At 50% draw-down, one would have to earn 100 % on their invested capital - a feat accomplished by less than 5% of all traders globally - just to break-even on an-accounta-trading-account with a 50% loss.

At 80% draw-down, one must quadruple their account equity just to take back to its original equity. This is what is called to "break-even" i.e. Get back to your original trading account balance which you deposited.

The more you lose, the harder it is to make it back to your initial account size.

This is the reason why as a trader you should do everything you can to PROTECT your equity. Do not accept to lose more than 2 percent of your account equity on any 1 single trade transaction.

Bitcoin risk management is about only risking a small percentage of your trading capital in each trade transaction so that you can survive your losing streaks and avoid a large draw down on your trading account.
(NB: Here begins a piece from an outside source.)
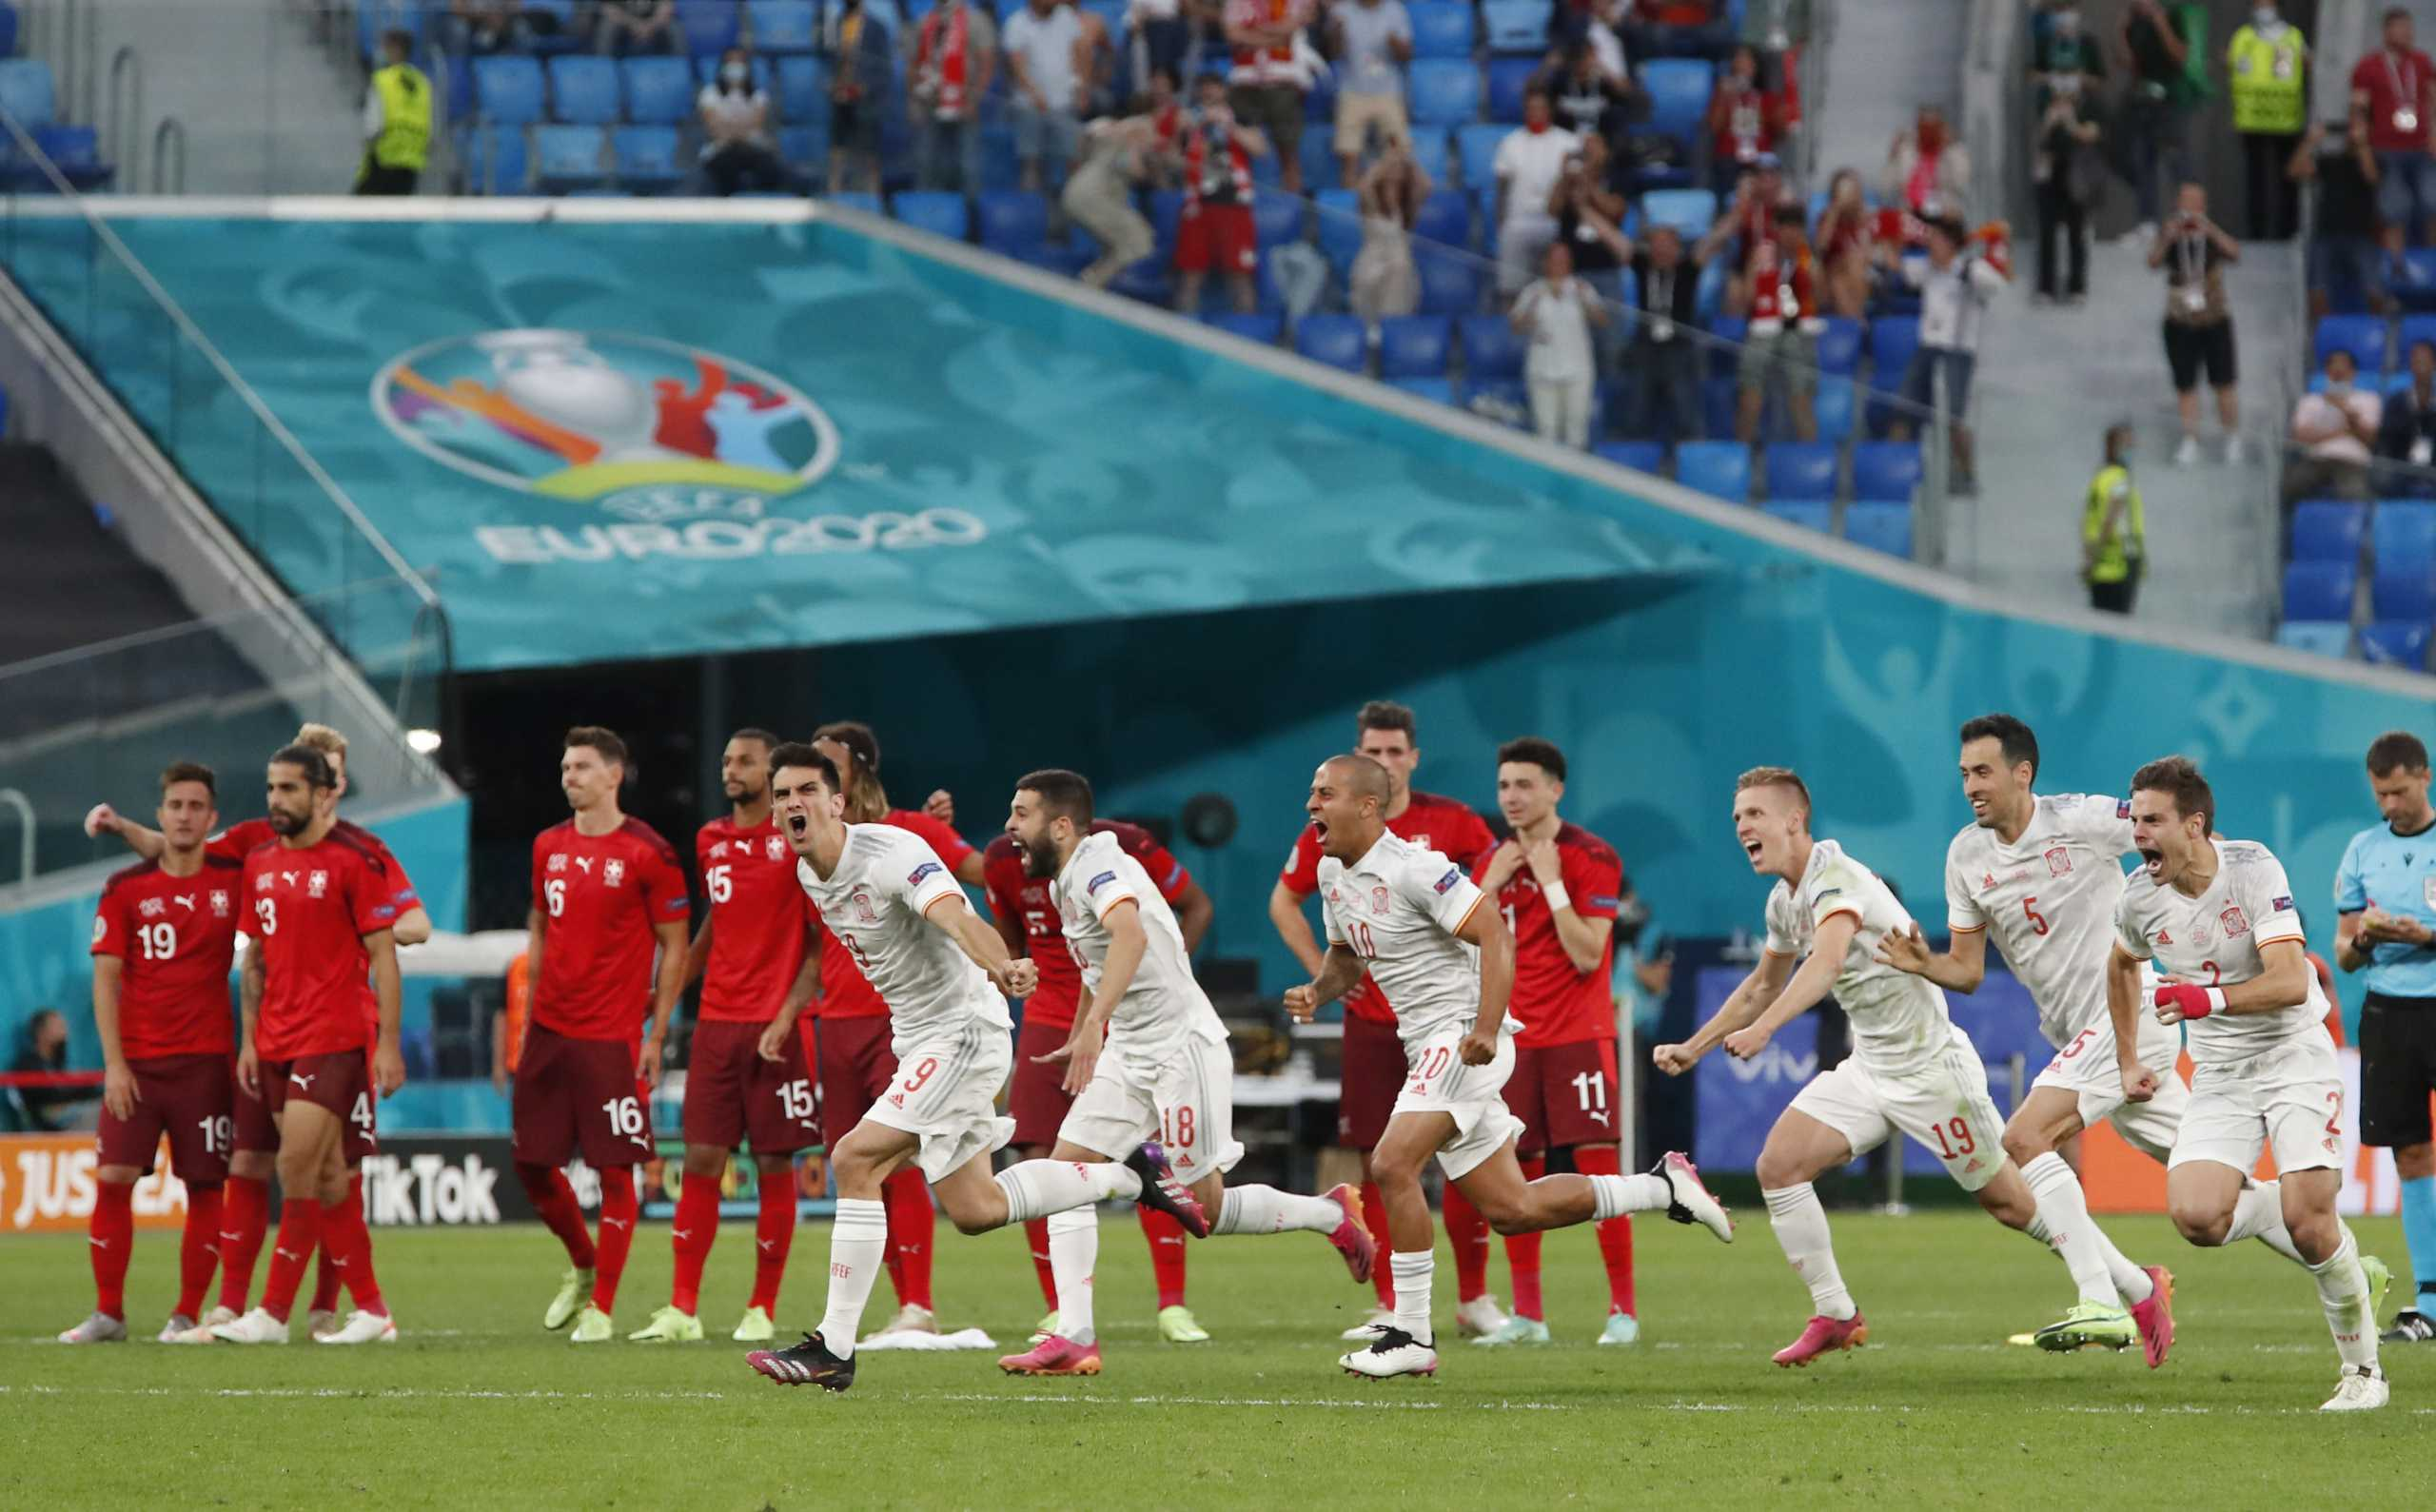 Euro 2020, Ελβετία – Ισπανία 1-3 στα πέναλτι: Στα ημιτελικά με ήρωα Σιμόν οι Ίβηρες

In Bitcoin, traders use stop loss cryptocurrency orders which are put in order to minimize losses. Controlling risks it involves putting a stop loss bitcoin order after placing an order.

Effective Risk Management

Effective risk management requires controlling all trading risks. A trader should create a clear bitcoin trading money management system & a trading plan. To be in Bitcoin or in any other business you must make decisions involving some risk. All aspects should be measured to keep risk to a minimum and use the above tips on this tutorial.

Ask yourself? Some Tips

1. Can the risks to your investing activities be identified, what forms do they take? & are they clearly understood & planned for? All the risks should be taken care of in your Bitcoin plan.

2. Do you grade the risks faced by you when trading in a structured way? - Do you've a trading plan? - have you read about this course which is thoroughly covered discussed here on this Site.

3. Do you know the maximum potential risk of each exposure for each transaction that you place?

4. Are decisions made on the basis of reliable and timely data & based on a strategy or not? Have you read about bitcoin systems here on this website tutorial tutorials.

5. Are the risks large in relation to the turnover of your invested capital & what impact could they have on your profits margins and your margin requirements?

6. Over what trading time periods do risks of your trading activities exist? - Do you hold trades long-term or short-term? what type of trader are you?

7. Are the exposures a one-off or are they recurring?

8. Do you know enough about the ways in which your Bitcoin risks can be reduced or hedged and what it would cost if you did not include these measures to reduce potential loss, & what impact would it make to any up side of your profit?

9. Have your rules been adequately addressed, to ensure that you make and keep your profits.